Comparison table: concentration versus pH
| Sodium benzoate concentration | Kb used | Approximate [OH-] | Approximate pH | Exact pH |
|---|---|---|---|---|
| 0.010 M | 1.58 × 10-10 | 1.26 × 10-6 M | 8.10 | 8.10 |
| 0.10 M | 1.58 × 10-10 | 3.98 × 10-6 M | 8.60 | 8.60 |
| 0.63 M | 1.58 × 10-10 | 9.99 × 10-6 M | 9.00 | 9.00 |
| 1.00 M | 1.58 × 10-10 | 1.26 × 10-5 M | 9.10 | 9.10 |
The table shows an important pattern: increasing the salt concentration raises pH, but not dramatically, because weak-base hydrolysis depends on the square root of concentration. Doubling concentration does not double pH. It changes hydroxide concentration by a square-root factor, so pH shifts gradually.
Comparison table: approximation quality
| Case | Approximation used | Exact [OH-] | Approximate [OH-] | Percent hydrolysis |
|---|---|---|---|---|
| 0.63 M sodium benzoate | x ≈ √(KbC) | 9.99 × 10-6 M | 9.99 × 10-6 M | 0.00159% |
| 0.10 M sodium benzoate | x ≈ √(KbC) | 3.98 × 10-6 M | 3.98 × 10-6 M | 0.00398% |
| 0.010 M sodium benzoate | x ≈ √(KbC) | 1.26 × 10-6 M | 1.26 × 10-6 M | 0.0126% |
These values confirm why the weak-base shortcut is so reliable here. The percent hydrolysis is far below 5%, so subtracting x from the initial concentration makes almost no difference.
Practical interpretation of the result
A pH around 9.00 means the solution is mildly basic. It is nowhere near as alkaline as a strong base like sodium hydroxide, but it is clearly above neutral. In practical chemistry, sodium benzoate solutions are often discussed in food chemistry, buffering systems, and preservative behavior. The equilibrium pH matters because the acid and base forms of benzoic acid participate differently in solubility, preservation efficiency, and analytical chemistry.
Here are the most important takeaways:
- The benzoate ion is a weak base because it is the conjugate base of benzoic acid.
- The pH is determined by Kb and concentration, not by sodium ion chemistry.
- For a 0.63-level concentration, the pH comes out almost exactly 9.00 using standard constants.
- Using the exact quadratic equation changes the answer only in the fourth decimal place.
Common mistakes students make
- Treating sodium benzoate as neutral. It is not neutral because benzoate is the conjugate base of a weak acid.
- Using Ka directly without converting to Kb. For a salt of a weak acid, the hydrolysis is a base reaction, so you need Kb = Kw/Ka.
- Confusing pOH and pH. Once [OH-] is found, calculate pOH first, then convert to pH.

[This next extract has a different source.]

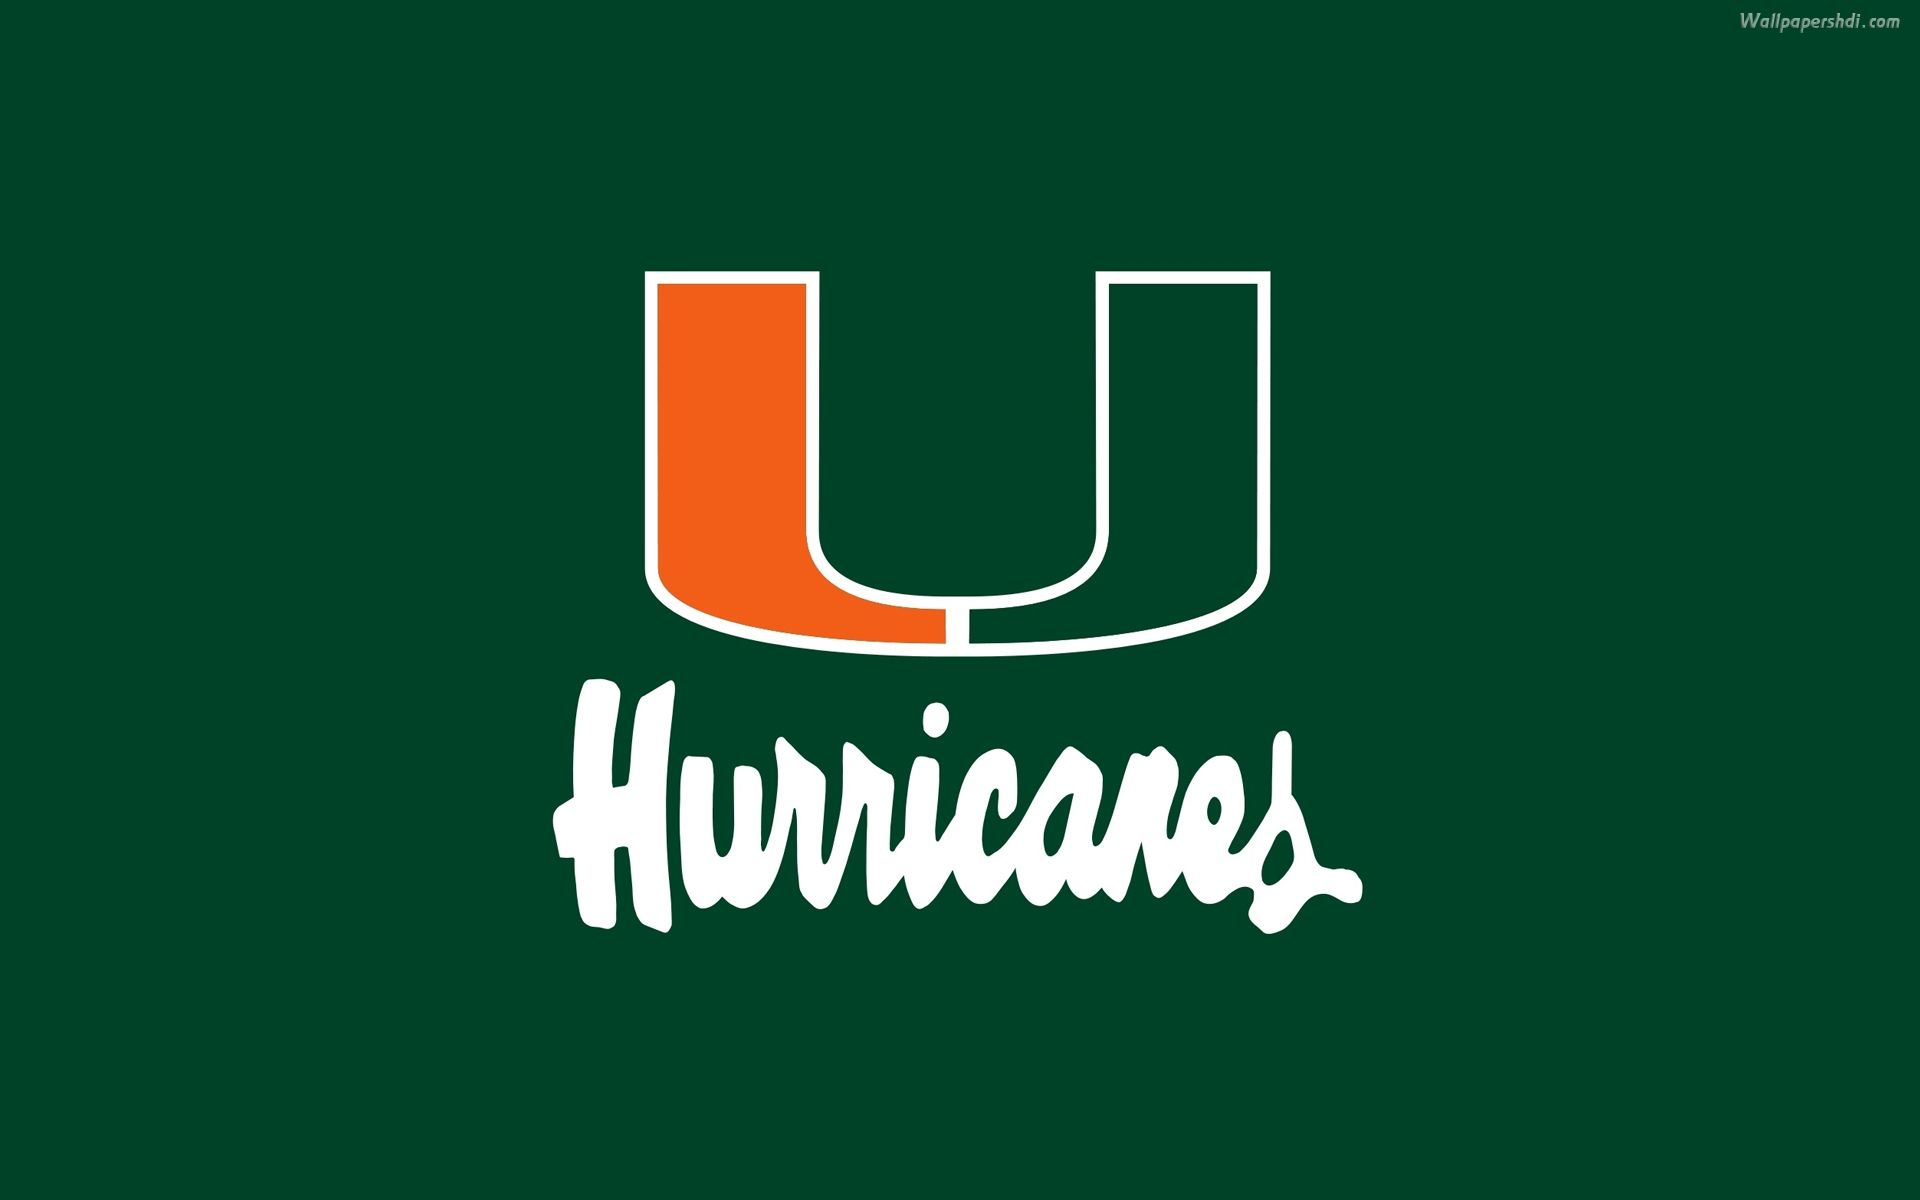 Miami Hurricanes Football Wallpaper

- Mixing up m and M. If the problem gives molality but no density, note the approximation clearly.
- Overcomplicating the algebra. Because Kb is tiny, the square-root shortcut usually works very well here.
When to use the exact quadratic method
The exact quadratic method is best when concentration is low, the equilibrium constant is larger, or your instructor specifically requires exact treatment. For sodium benzoate at 0.63, the approximation is already excellent. Still, advanced courses often prefer the quadratic route because it demonstrates full control over the equilibrium model and avoids relying blindly on the 5% rule.
Authoritative references for pH and weak-acid chemistry
For additional reading on pH, acid-base behavior, and chemical property data, consult these sources:
Final answer summary
For a 0.63 m sodium benzoate solution, using pKa = 4.20 for benzoic acid and the standard approximation that 0.63 m is about 0.63 M, the solution pH is approximately 9.00.
If you want a more refined answer, use the calculator at the top of the page and provide solution density so the molality can be converted to molarity. In normal instructional chemistry settings, however, pH = 9.00 is the accepted and chemically correct result.